Across these regions, hundreds of millions of new consumers are entering the global economy — a secular force reshaping earnings potential, investment flows, and global supply chains.

How EM Central Banks Took the Lead

Another major theme was the strength of EM central banks over the past two years. During the inflation spike, policymakers across Latin America, Central Europe, and parts of Asia acted earlier than their developed-market counterparts.

As Mr. Coffey put it, “Emerging market central banks acted more decisively and more effectively to deal with recent inflation spikes than developed-market central banks.”

As global rate-cut cycles unfold, those policy advantages are expected to remain meaningful contributors to relative performance.

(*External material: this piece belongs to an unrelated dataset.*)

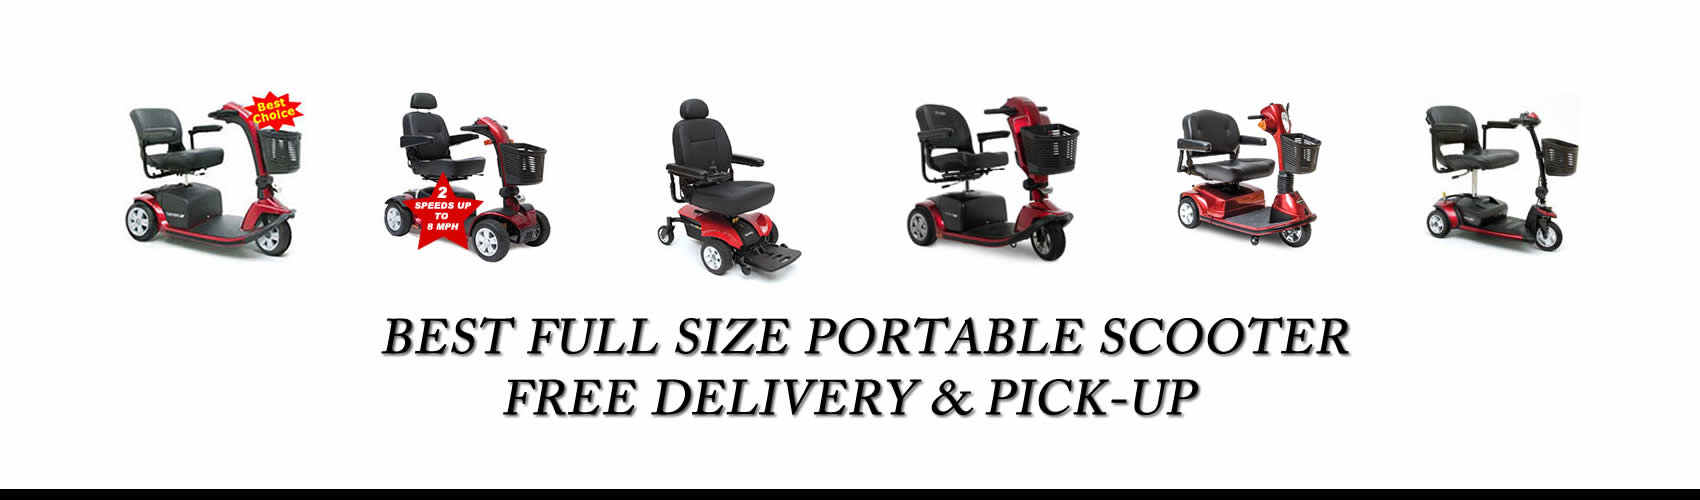 Wheelchair for Rent, Scooters for Rent, Las Vegas, NV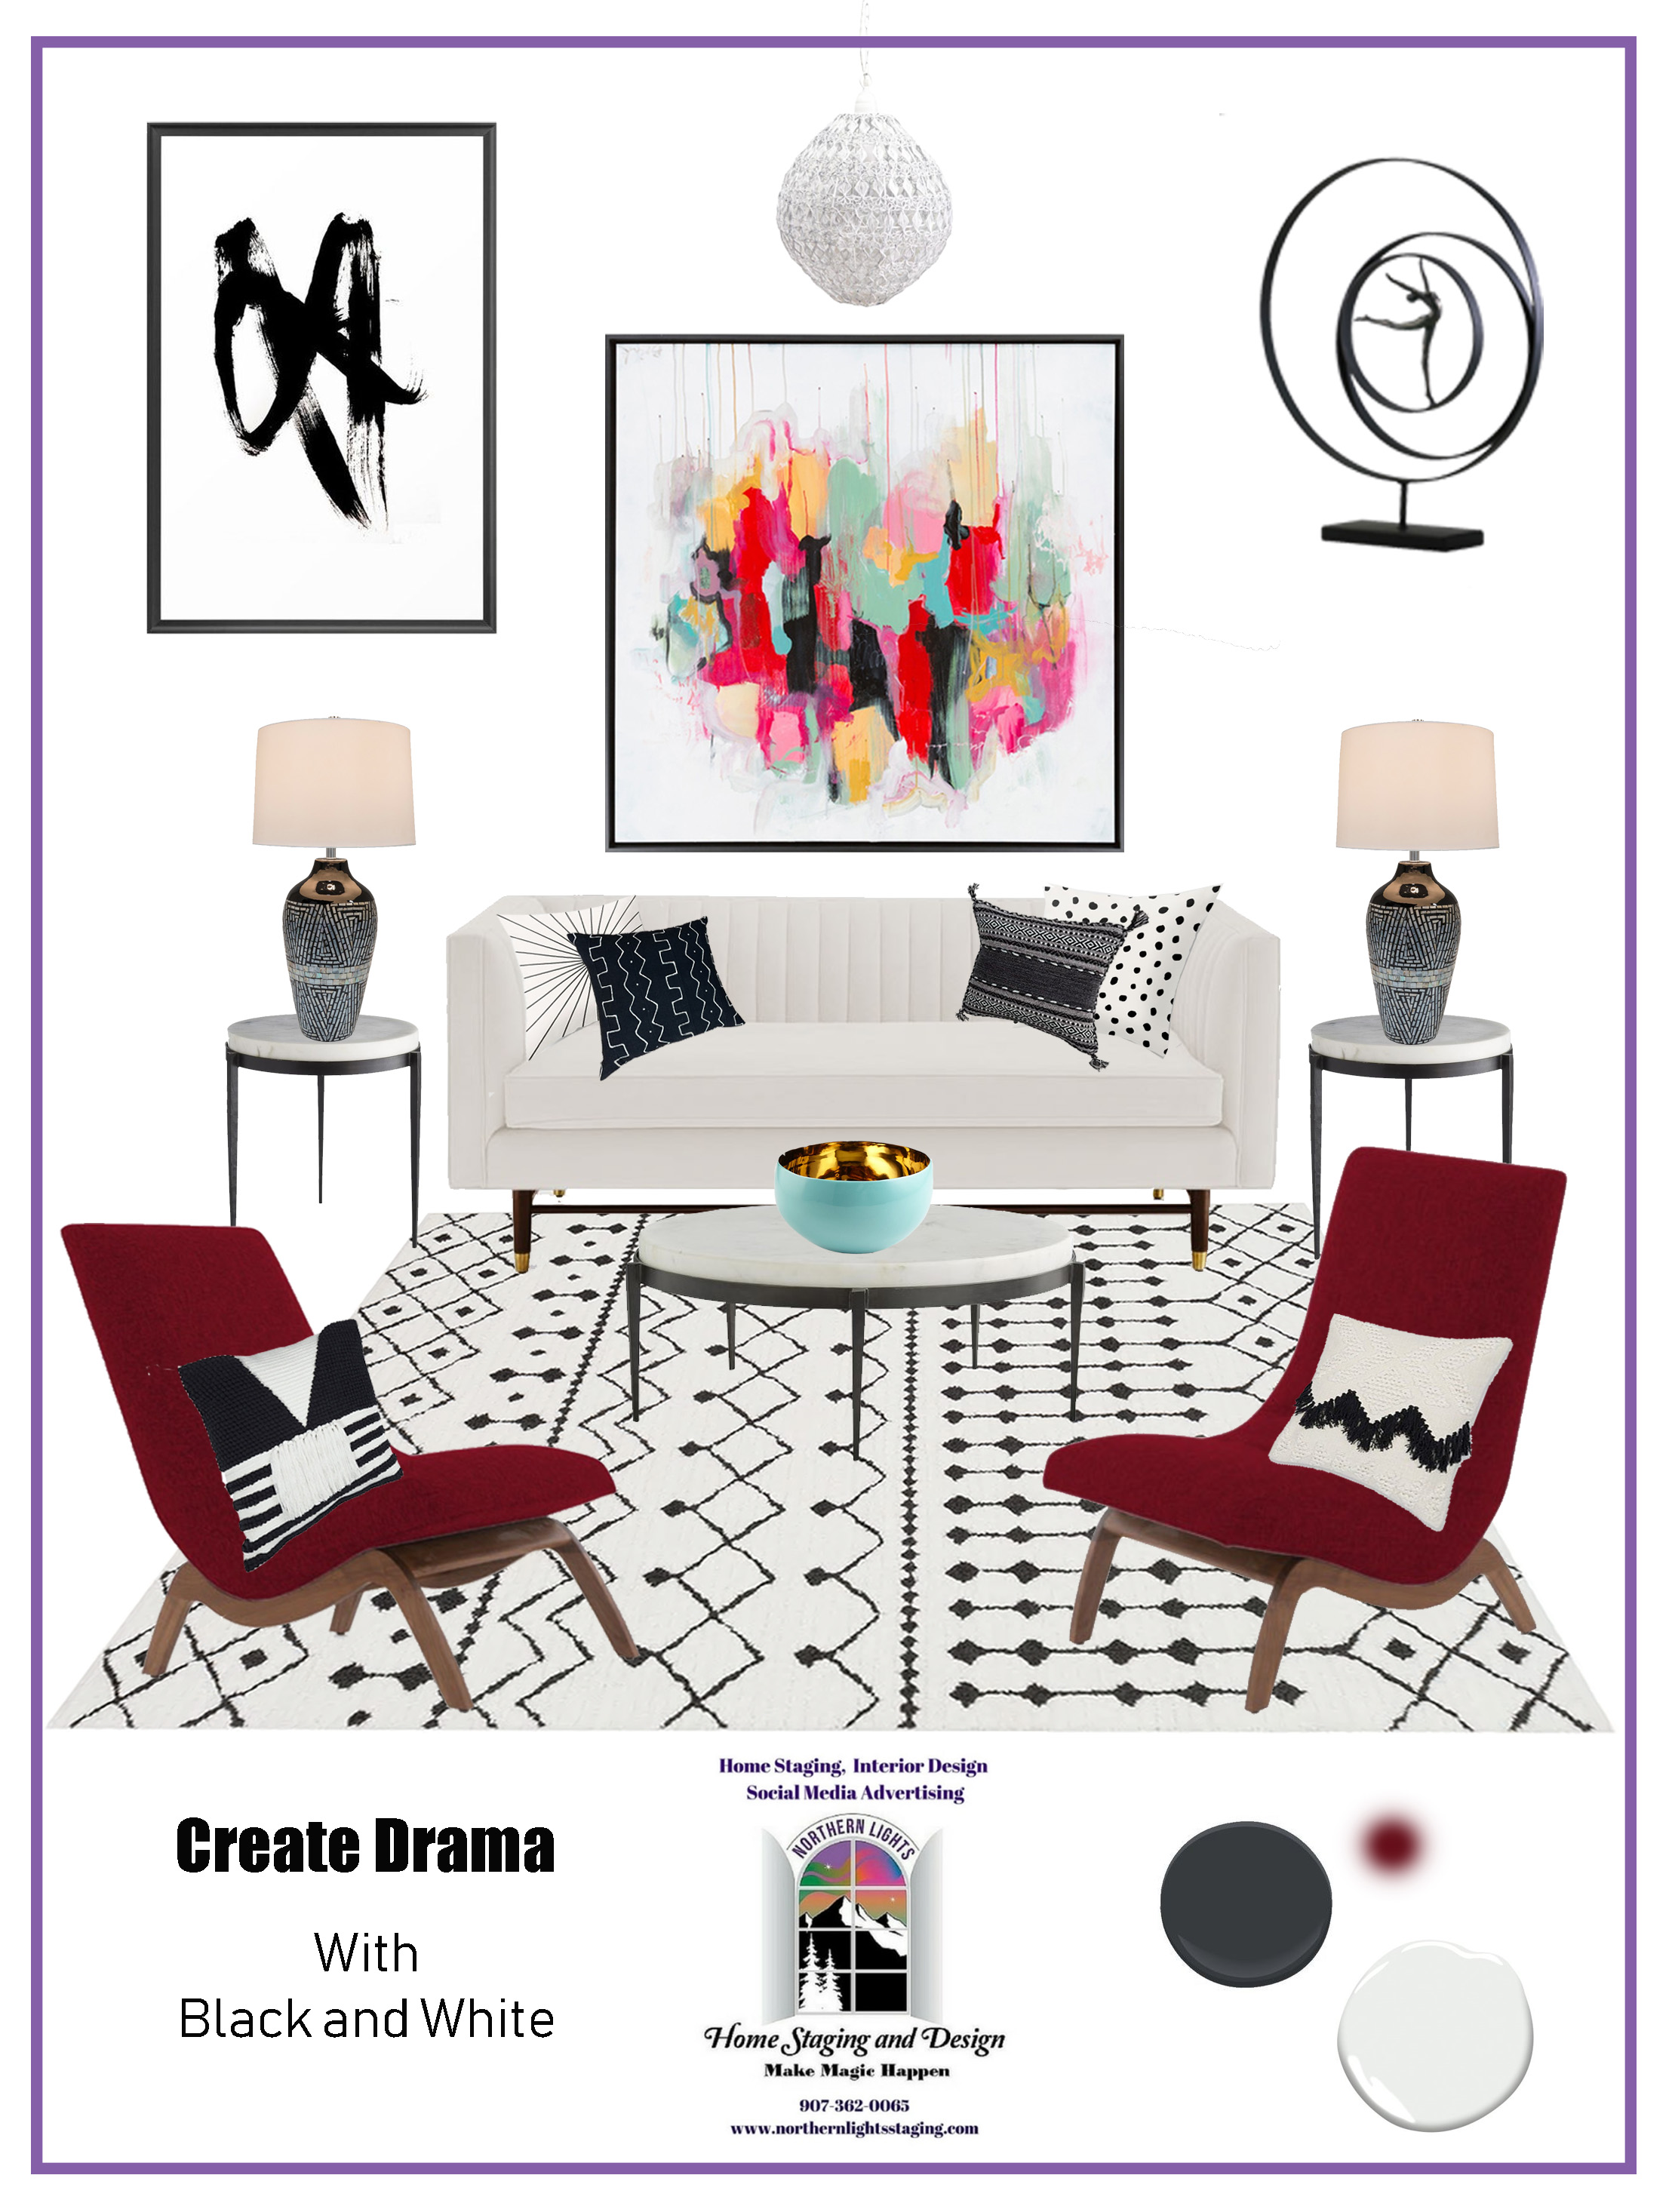 Get dramatic with Black and White. Get the look- Black and white Bohemian Style. #blackandwhite #bohemian #boho #globaldesign #interiordesign #homedecor #virtualdesign #edesign #colorfulhome

Jefferies’ Investment in Emerging Markets

Both speakers emphasized that Jefferies’ conviction in EM is matched by sustained, scaled investment across its global platform. Over the past decade, the firm has significantly expanded its EM footprint, doubling its Asia headcount and growing coverage from roughly 50 stocks in Hong Kong and China to more than 300. Jefferies has also built and expanded presences in the Middle East and Latin America, including the opening of its Dubai office in 2022, creating an integrated global EM franchise across equities, research, and distribution.

As Mr. Coffey noted, “Over the past five years, we’ve expanded our stock coverage to over 1,400 stocks in emerging markets, and we now cover more than 80% of the emerging market benchmark.” He added that the business itself has meaningfully internationalized: “Our equities business has more than doubled in size. We now make more money (in EM) than we used to make globally five years ago.”

As Ms. Harbison summarized, “There is a huge growth story at play. Earnings are turning around… and over the next five to ten years, emerging markets are going to be a much bigger part of global indices.”